Receiving Requirements

When the producer and consumer specify their synchronization requirements, the other endpoints receive a NvSciStreamEventType_WaiterAttr event. NvSciStreamBlockElementWaiterAttrGet() is operational on the endpoints receiving the event.

NvSciError
NvSciStreamBlockElementWaiterAttrGet(
    NvSciStreamBlock   const block,
    Uint32_t           const elemIndex,
    NvSciSyncAttrList* const waitSyncAttrList
)

If NvSciStreamBlockElementWaiterAttrGet() sets the output parameter to NULL, the element referenced by elemIndex synchronization objects cannot be used to coordinate with the other endpoint. The application must not allocate synchronization objects for the element. This case is rare, but producer and consumer application components designed to be fully modular must recognize and handle this situation.

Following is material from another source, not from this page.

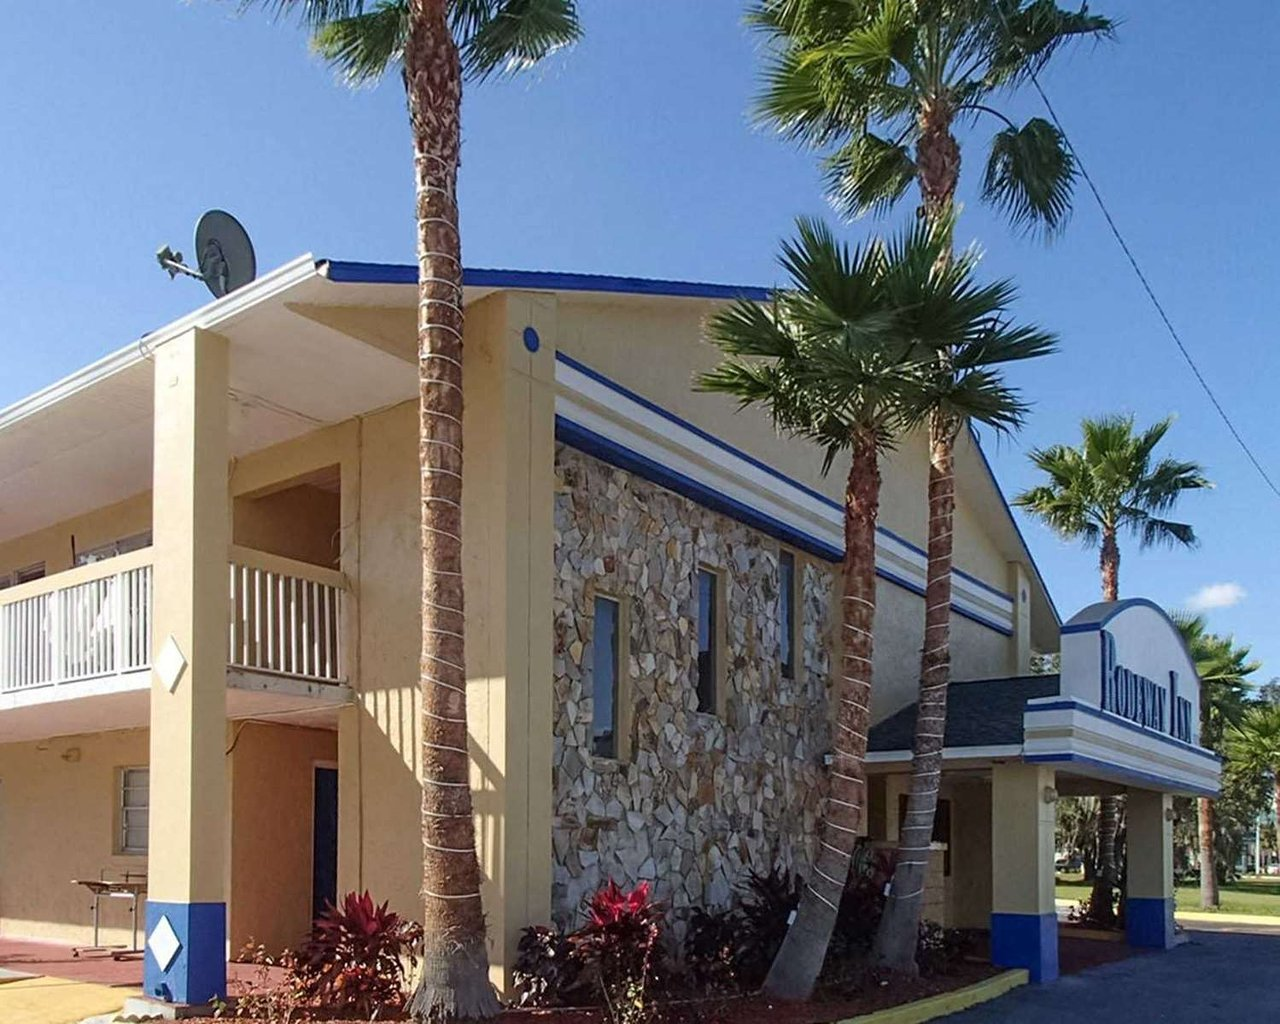 Rodeway Inn 60 7 2 Updated 2018 Prices Motel Reviews Leesburg Fl Tripadvisor

Otherwise, the output parameter waitSyncAttrList is set to a synchronization attribute list handle. Ownership of this handle belongs to the application calling the function, and it must free the handle when it is no longer needed. The attributes in this list may not exactly match those specified by the originating endpoint. For more than one consumer, the stream combines their requirements into a single attribute list for the element. The stream itself may also perform transformations on the attributes to handle cross-process or cross-system cases.

The application must merge these wait requirements with its own signal requirements to form the final reconciled synchronization attribute list for the element. It can then use the final list to allocate a synchronization object from NvSciSync. A synchronization object is allocated per asynchronous element. The application must map these synchronization objects into the drivers and use them to generate fences passed into the stream.

After receiving all the sync attribute lists they care about, the endpoint applications call the NvSciStreamBlockSetupStatusSet function with a value of NvSciStreamSetup_WaiterAttrImport.